Stored data:
··········

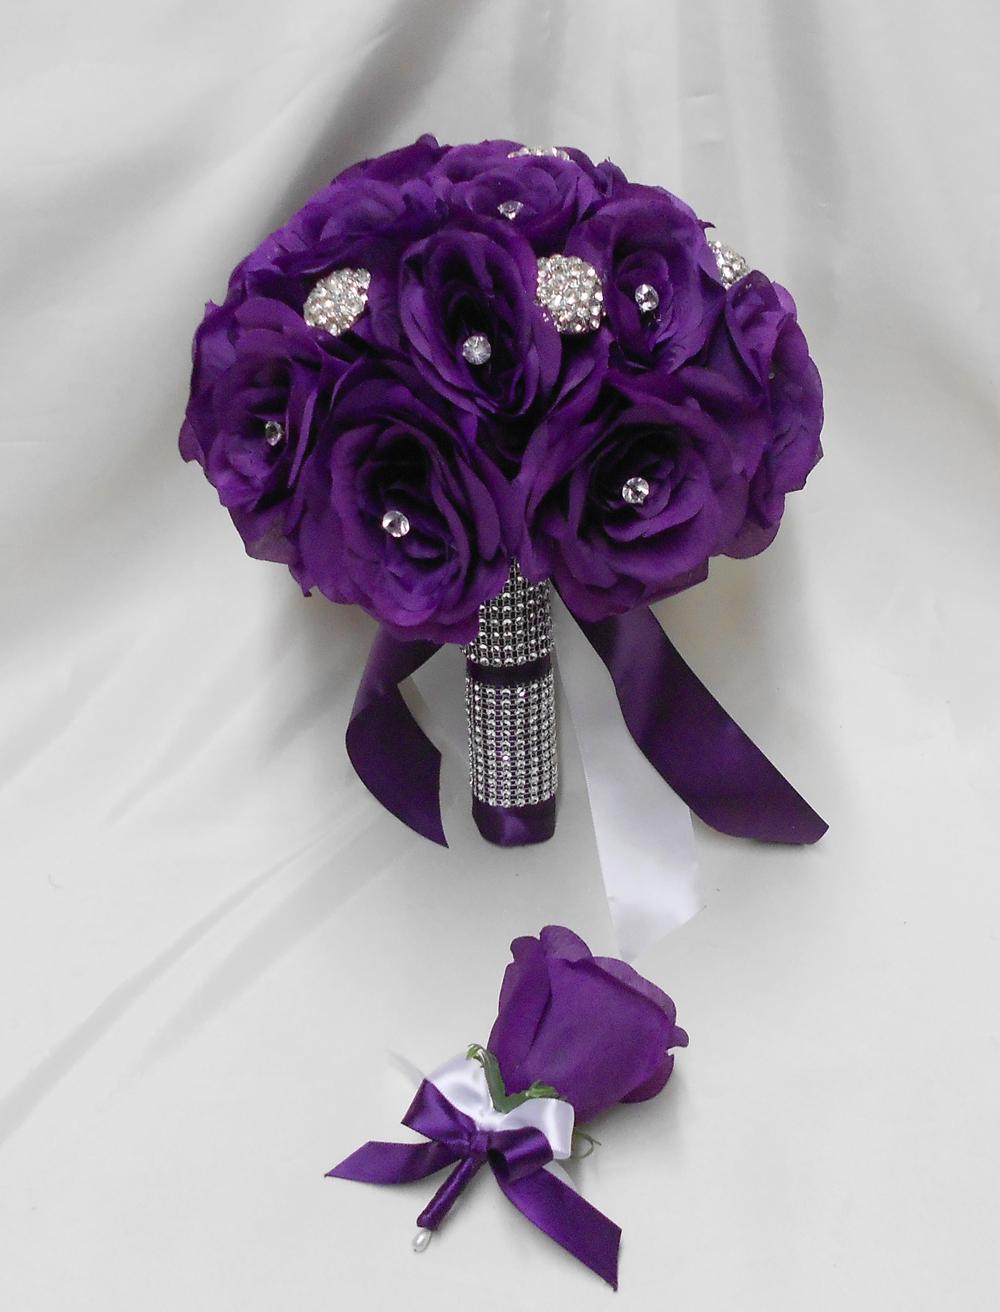 Mariage Soie Fleur Mariage Bouquet 2 Pièces Mariée Marié violet aubergine Broche
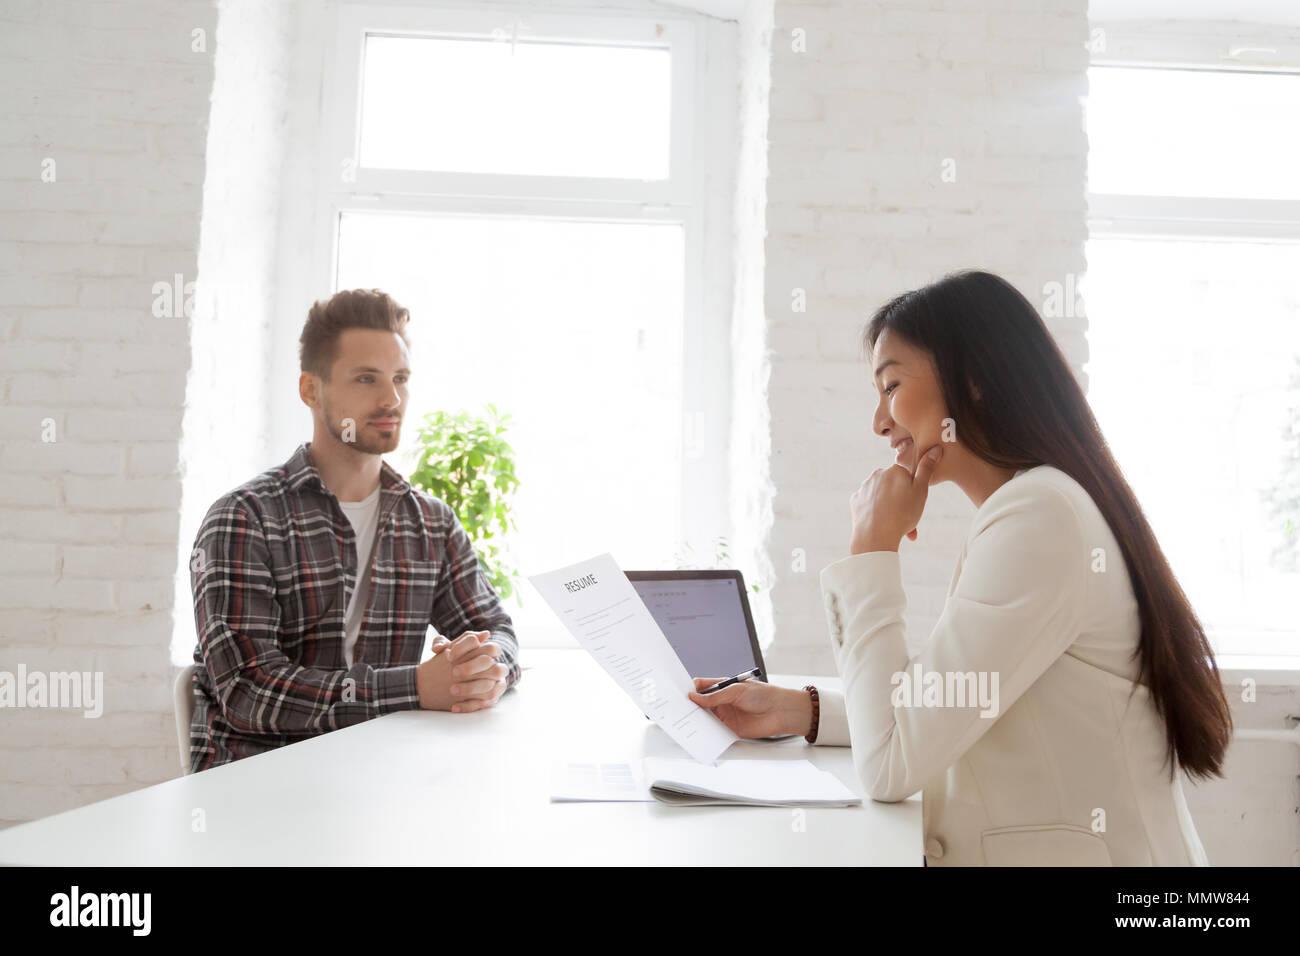 Sorridente lettura hr riprendere al colloquio di lavoro con gravi candidat Immagini Stock
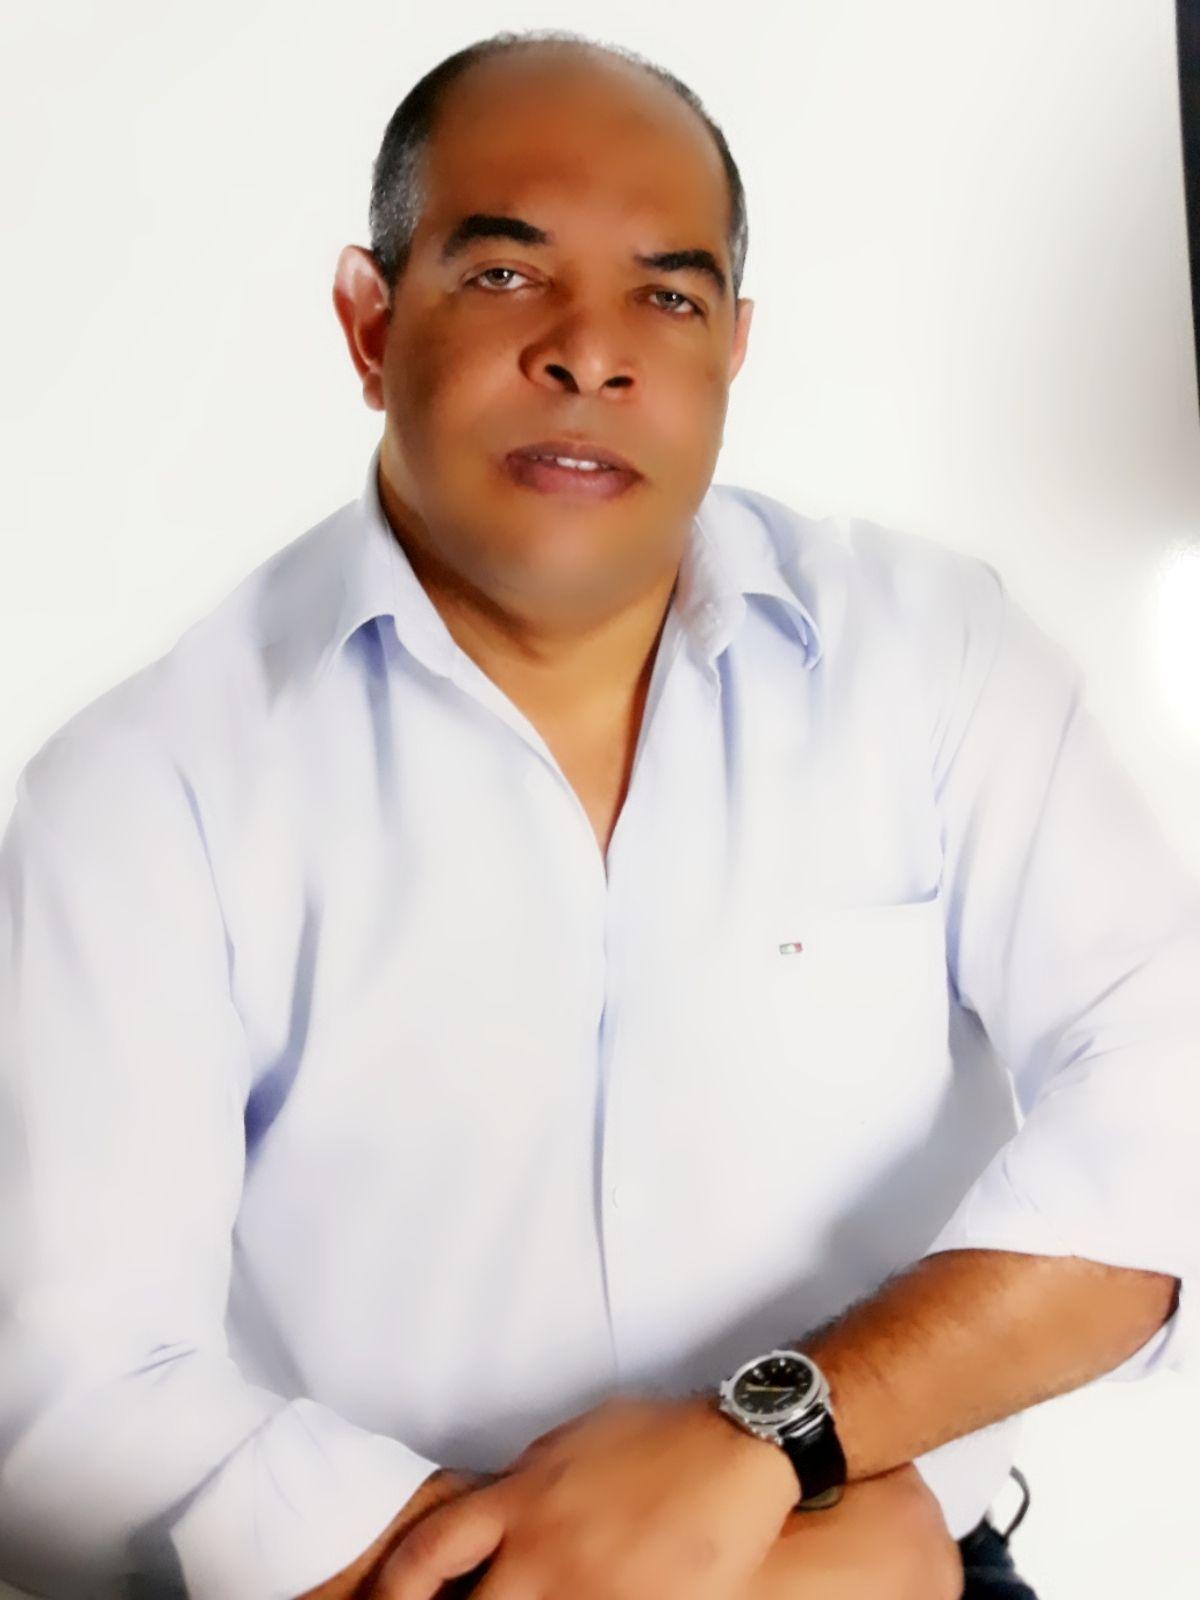 Pedro José Nolasco Sobrinho

··········

Action item: The whole listing should be reproduced exactly. Images don't go in.

Task output:
 Mariage Soie Fleur Mariage Bouquet 2 Pièces Mariée Marié violet aubergine Broche
 Sorridente lettura hr riprendere al colloquio di lavoro con gravi candidat Immagini Stock
 Pedro José Nolasco Sobrinho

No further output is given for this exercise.